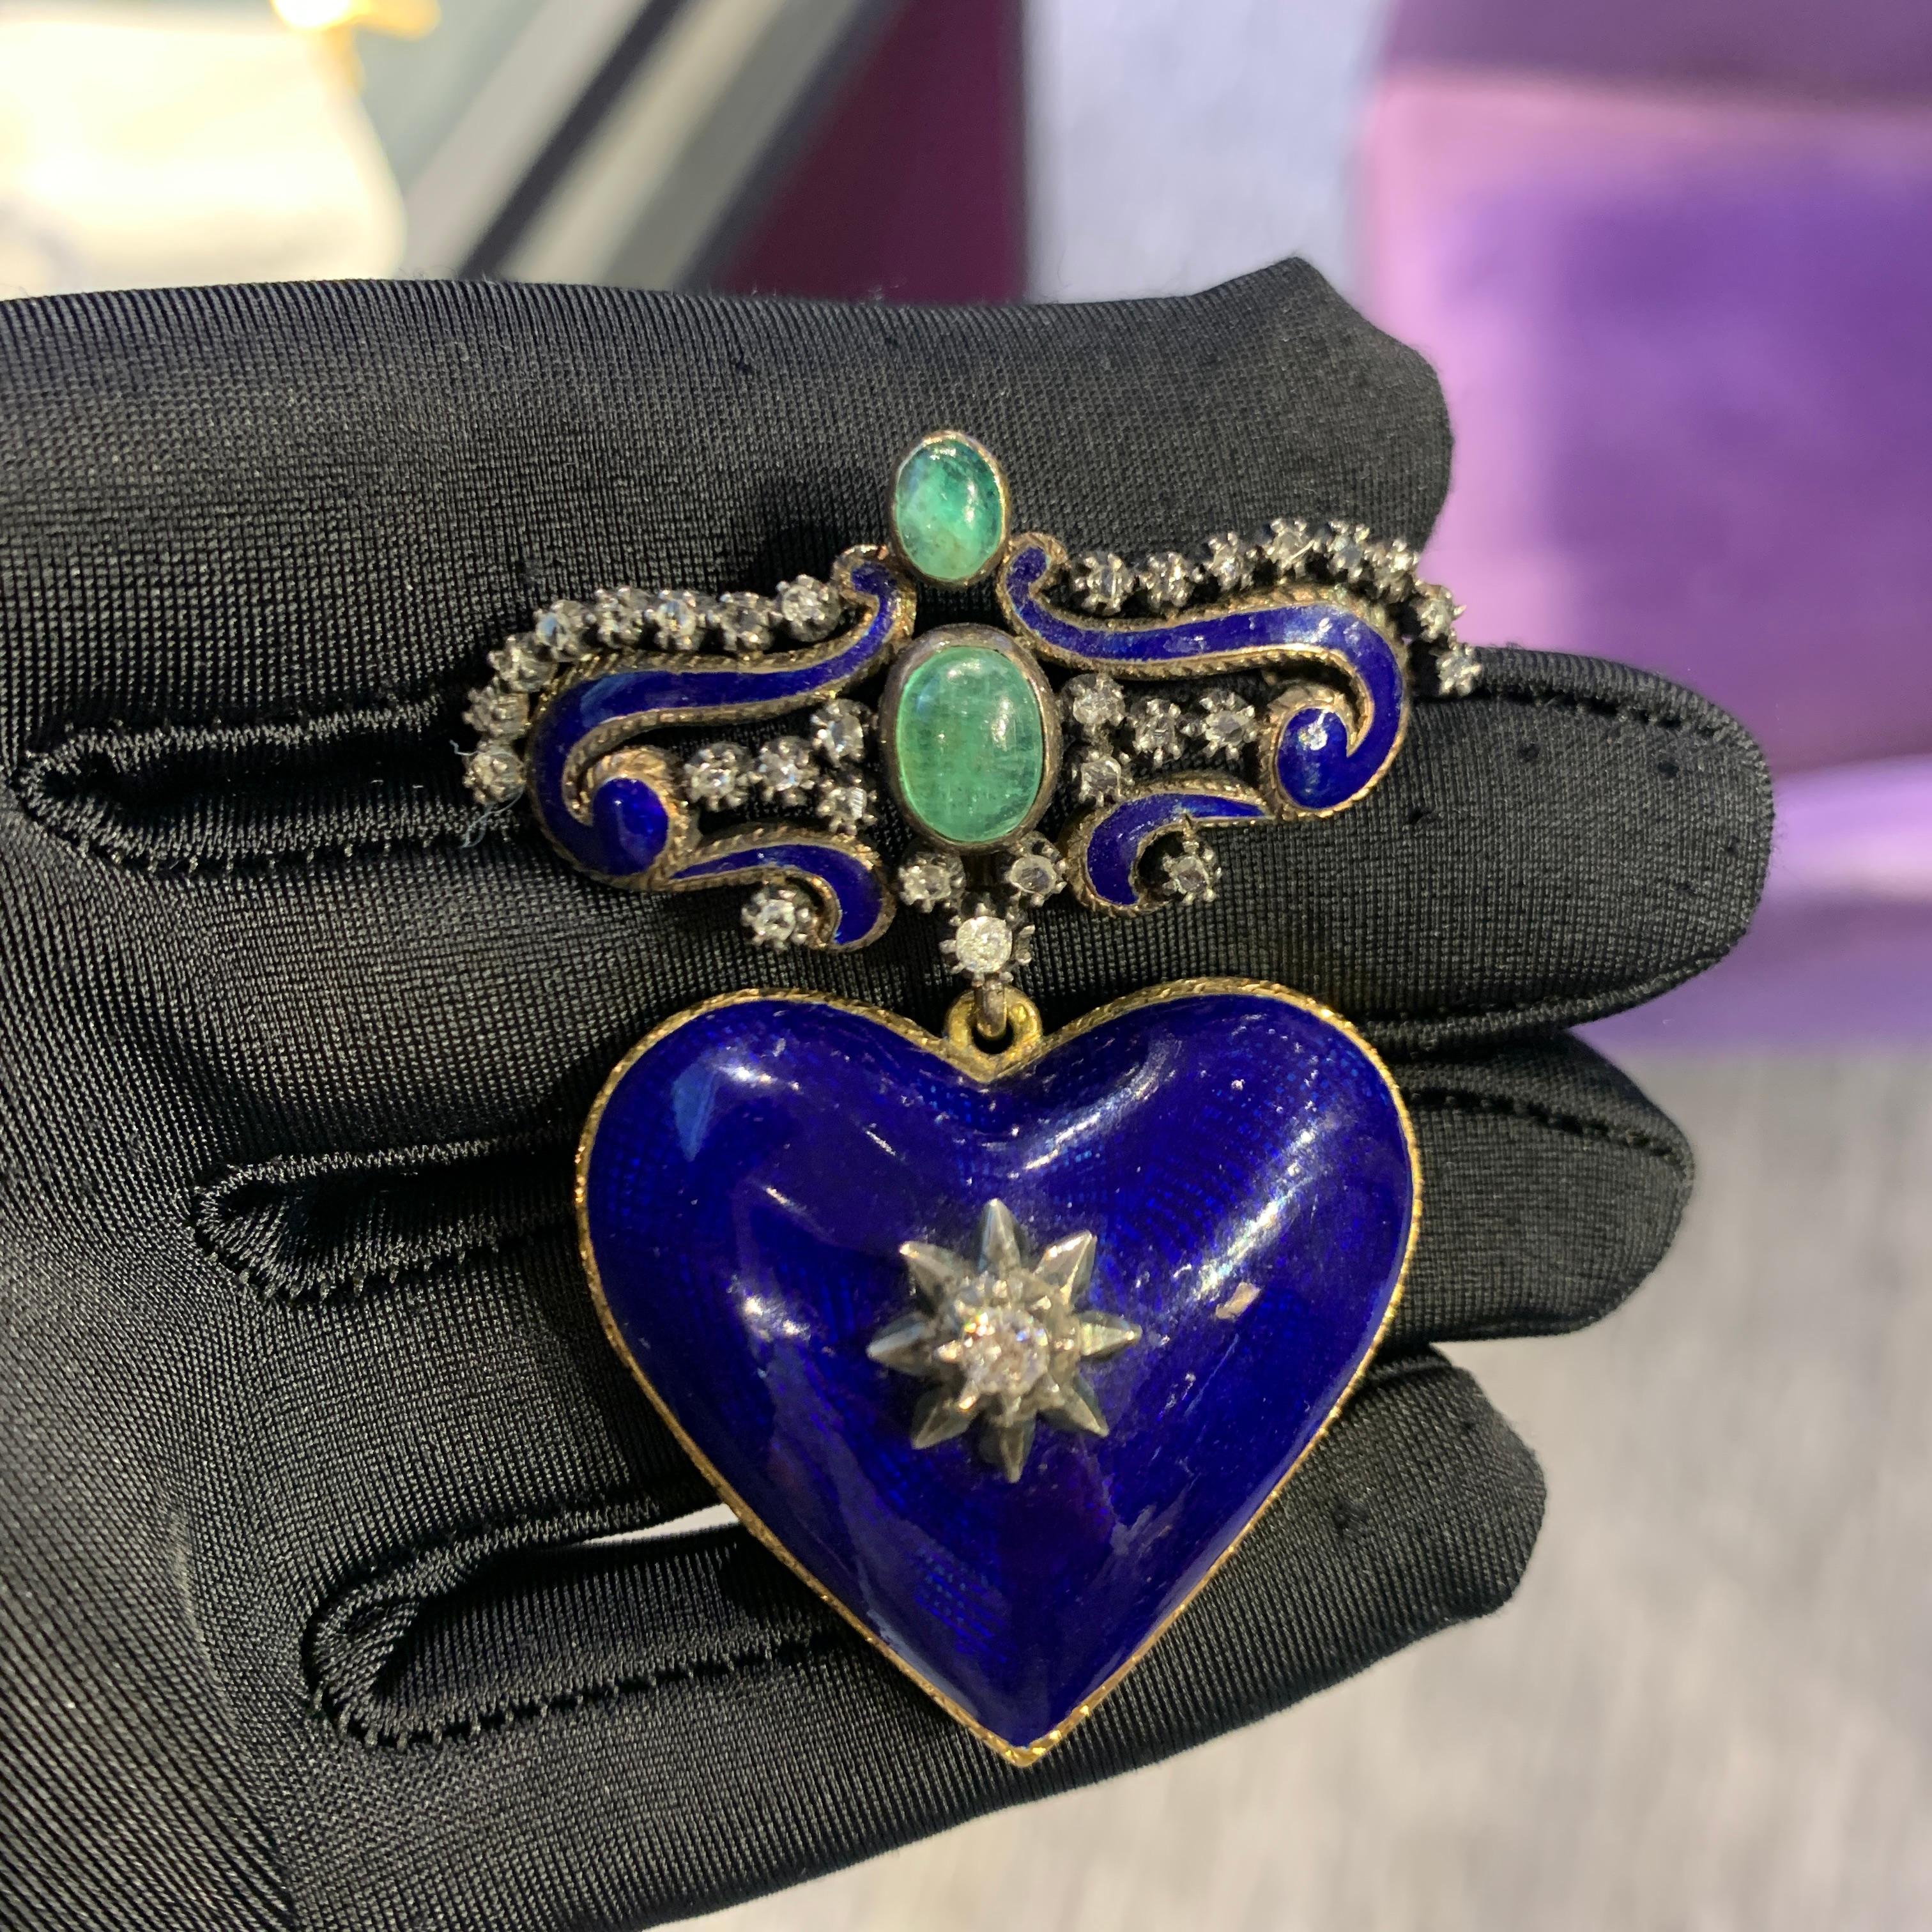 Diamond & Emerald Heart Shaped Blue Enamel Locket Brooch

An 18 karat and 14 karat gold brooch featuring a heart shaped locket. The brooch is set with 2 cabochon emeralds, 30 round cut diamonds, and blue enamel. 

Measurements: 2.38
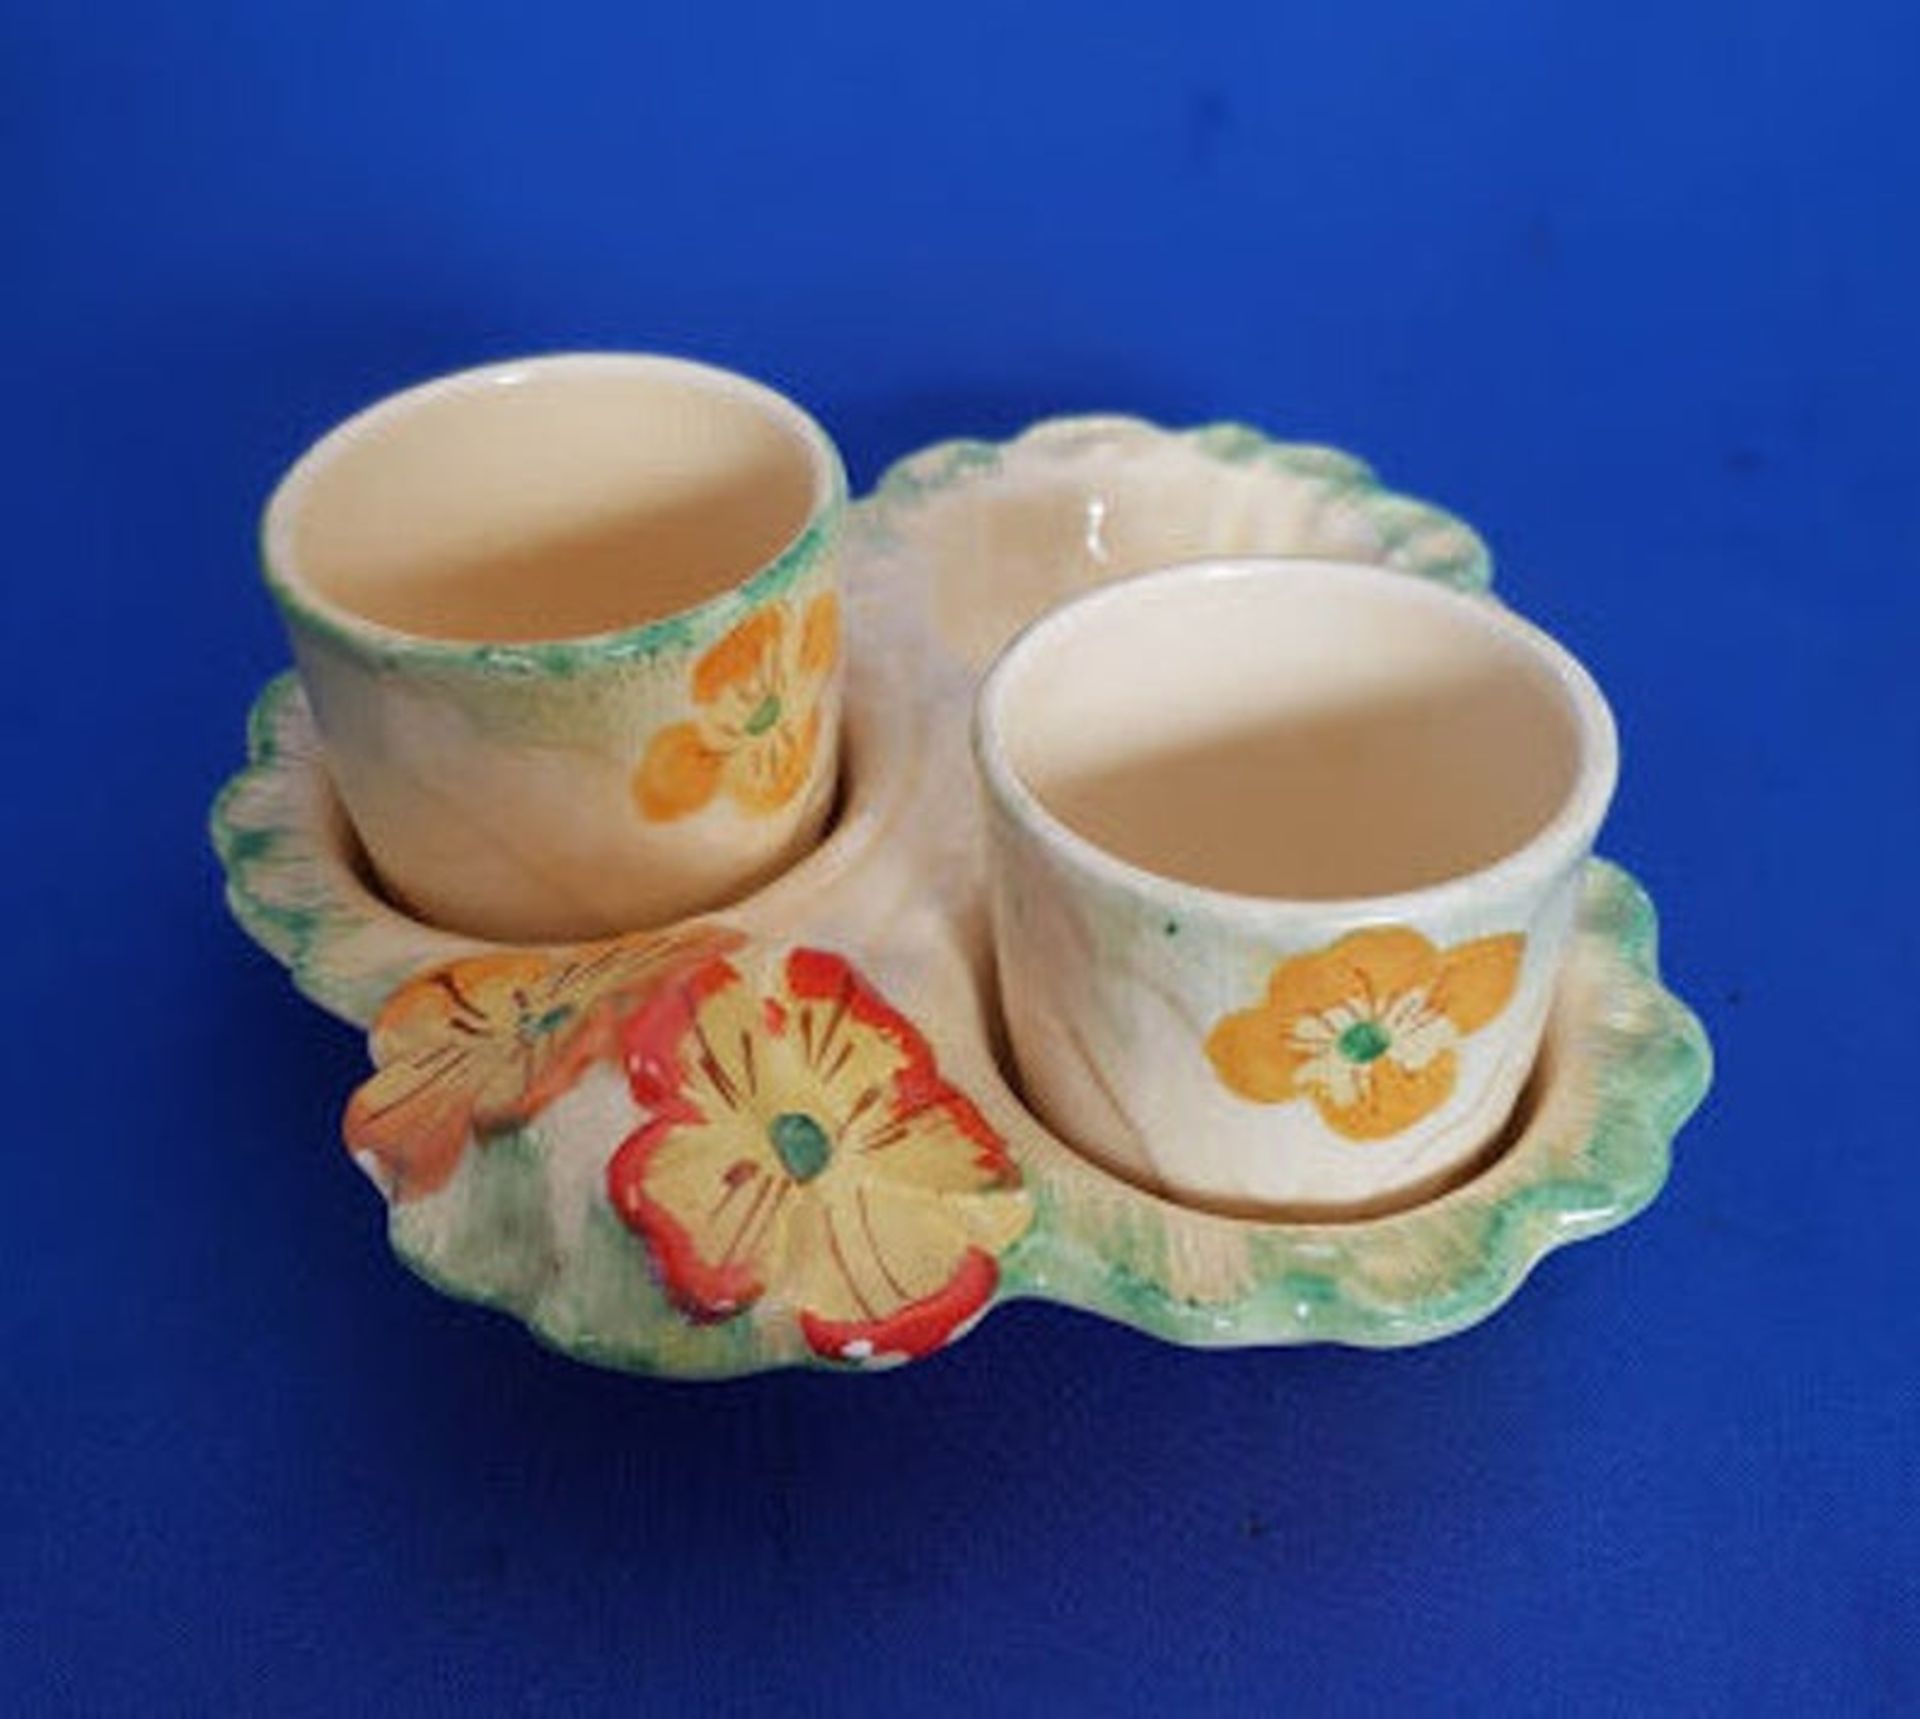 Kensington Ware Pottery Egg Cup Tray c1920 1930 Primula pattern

**PROBLEM STATEMENT**.
When you repeat the lines above, keep them exact and leave out each image they contain.

**PROBLEM SOLUTION**.
 Diamond & Emerald Heart Shaped Blue Enamel Locket Brooch

An 18 karat and 14 karat gold brooch featuring a heart shaped locket. The brooch is set with 2 cabochon emeralds, 30 round cut diamonds, and blue enamel. 

Measurements: 2.38
 Kensington Ware Pottery Egg Cup Tray c1920 1930 Primula pattern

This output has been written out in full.